- Born: 11 June 1920 Siuraq, Northwest Territories (present day Nunavut), Canada
- Died: 14 December 2023 (aged 103) Ottawa, Ontario, Canada
- Known for: Animal bone and carcass collection efforts during World War II
- Children: 14

= Qapik Attagutsiak =

Canadian Inuk bone collector during WWII (1920–2023)

Qapik Attagutsiak (11 June 1920 – 14 December 2023) was a Canadian Inuk World War II contributor and the last known surviving Inuit contributor of the War, particularly the drive to collect animal bones and carcasses for the Allied munitions effort.

==Early life==
Attagutsiak was born on 11 June 1920 at Siuraq, near Chesterfield Inlet (Igluligaarjuk) and Coral Harbour, in the Keewatin Region of the Northwest Territories, now the Kivalliq Region of Nunavut, Canada. Her father, Quliktalik, was a hunter, and her mother, Pakak, was a seamstress. She began to learn midwifery from her mother when she was 10 years old, becoming a midwife when she was 18, and subsequently working as a seamstress. She married a man named Attagutsiak, who became one of the first members of the Canadian Rangers in 1947. Qapik had 14 children with her husband Attagutsiak, the first of whom was born in 1939, and she adopted two more after her husband's death in 1984.

==Wartime efforts==
Attagutsiak was 20 years old when news of World War II reached her community in 1940, and she was the last known surviving member of the Inuit wartime efforts during World War II. During World War II, the Government of Canada and the Department of Munitions and Supply instituted the National Resources Mobilization Act, encouraging citizens to salvage as much waste as possible, with the goal of repurposing used materials like metal, rubber, and paper into wartime munitions. Because these materials were not abundant in the Canadian Arctic, instead Inuit communities began to collect animal bones and carcasses to be shipped down to industrial cities and ports for use in the ongoing munitions drive. One centre of the bone and carcass collection efforts was a springtime hunting camp on an island called Qaipsunik, near Igloolik in today's Nunavut. The members of the camp collected about three bags of animal bones and carcasses per day from 1940 through 1945, with each bag weighing about 125 lb. The bags were packaged by older members of the community, and then existing Hudson's Bay Company shipping routes were used to transport the bags to southern Canadian ports in cities like Montreal and Halifax where the materials were processed into ammunition, glue for aircraft, or fertilizer for the Canadian war effort.

==Recognition==
In 2012, Attagutsiak received the Queen Elizabeth II Diamond Jubilee Medal, which is awarded "to honour significant contributions and achievements by Canadians". In January 2020, a ceremony in Gatineau was organised by Parks Canada and the Canadian Armed Forces at the Canadian Museum of History to honour Attagutsiak's contributions as the only known surviving representative of the wartime efforts by Inuit communities during World War II. Jonathan Wilkinson, the Minister of Environment and Climate Change and Minister responsible for Parks Canada, named her one of Parks Canada's Hometown Heroes.
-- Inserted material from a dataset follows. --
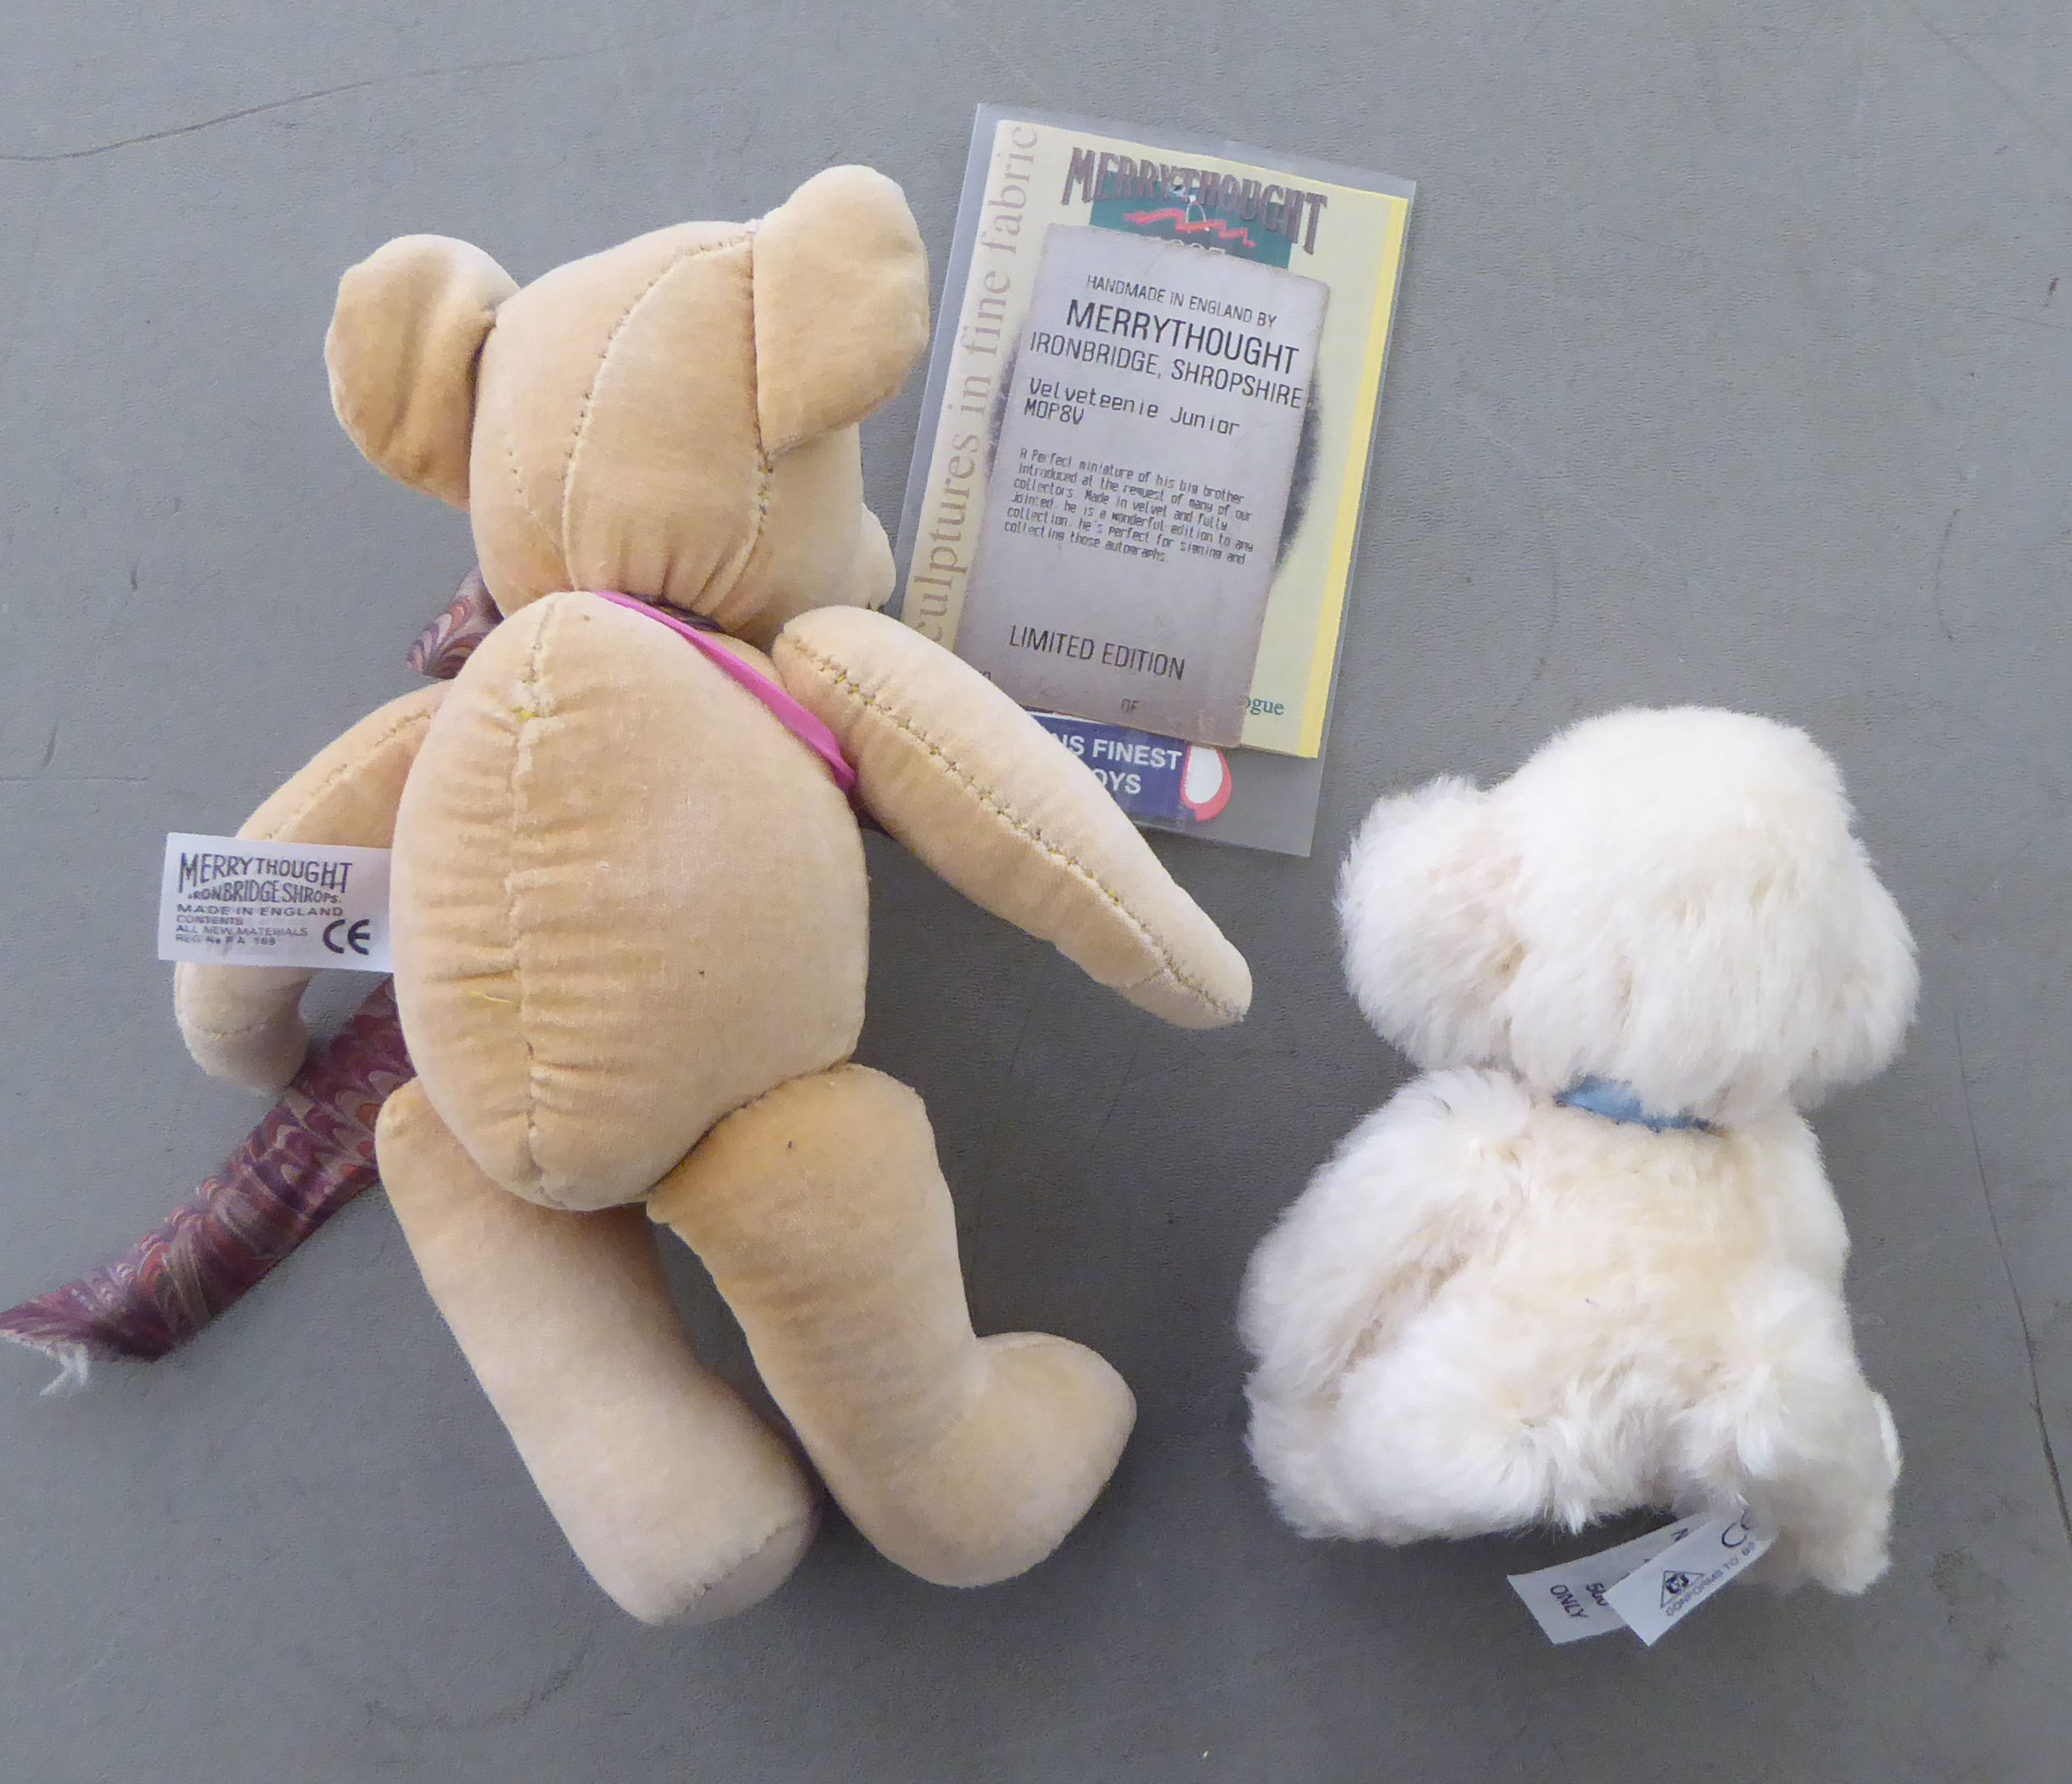 Two Merrythought Teddy bears, viz. 'Velveteenie Junior'  Limited Edition 106/500  8"h; and a - Image 2 of 6

Attagutsiak was also acknowledged for her work as a health professional. Parks Canada credited Attagutsiak with being "instrumental in helping establish the Akausivik Inuit Family Health Team - Medical Centre in Ottawa" in her capacity as a midwife. She also contributed to academic studies of health promotion, and the use of technology to improve health outcomes, among Inuit living in cities.
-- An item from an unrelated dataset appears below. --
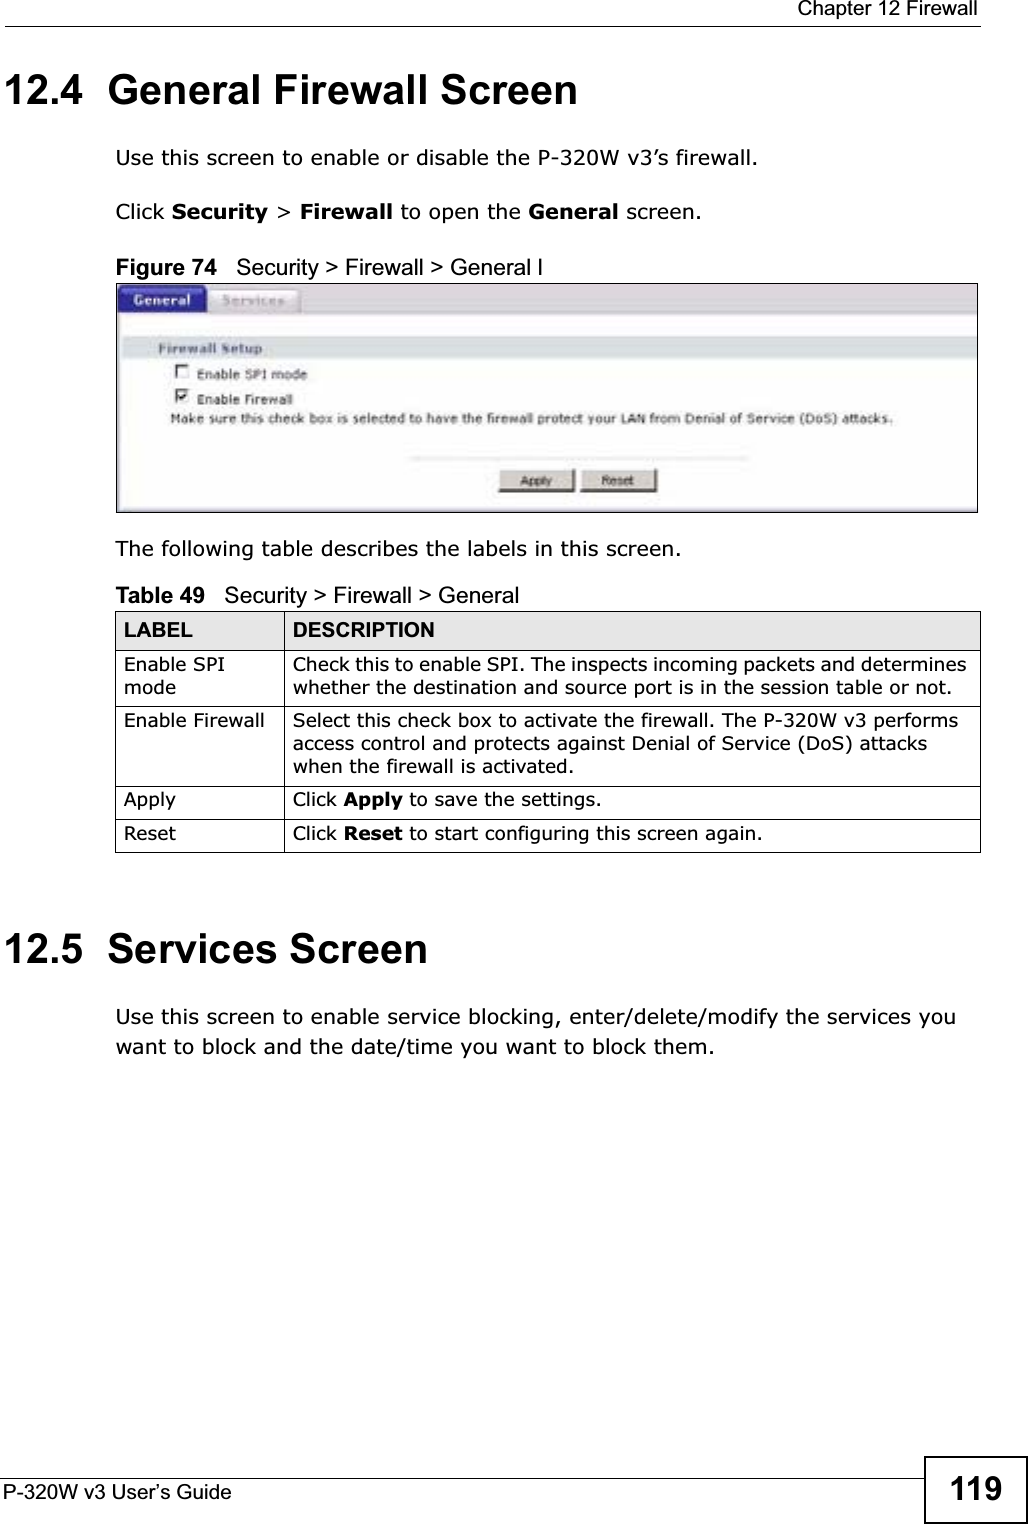  Chapter 12 FirewallP-320W v3 User’s Guide 11912.4  General Firewall ScreenUse this screen to enable or disable the P-320W v3’s firewall. Click Security &gt; Firewall to open the General screen.Figure 74   Security &gt; Firewall &gt; General lThe following table describes the labels in this screen.12.5  Services ScreenUse this screen to enable service blocking, enter/delete/modify the services you want to block and the date/time you want to block them.Table 49   Security &gt; Firewall &gt; General LABEL DESCRIPTIONEnable SPI modeCheck this to enable SPI. The inspects incoming packets and determines whether the destination and source port is in the session table or not.Enable Firewall Select this check box to activate the firewall. The P-320W v3 performs access control and protects against Denial of Service (DoS) attacks when the firewall is activated.Apply Click Apply to save the settings. Reset Click Reset to start configuring this screen again.

Attagutsiak was for several years the oldest Elder in Arctic Bay, and was called a "revered elder" in Nunatsiaq News. In 2014, a photo by Clare Kines that documented Attagutsiak's traditional lifestyle was a finalist in the Global Arctic Awards International Photography Competition, and was exhibited internationally.

==Death==
Attagutsiak died in Ottawa on 14 December 2023, at the age of 103.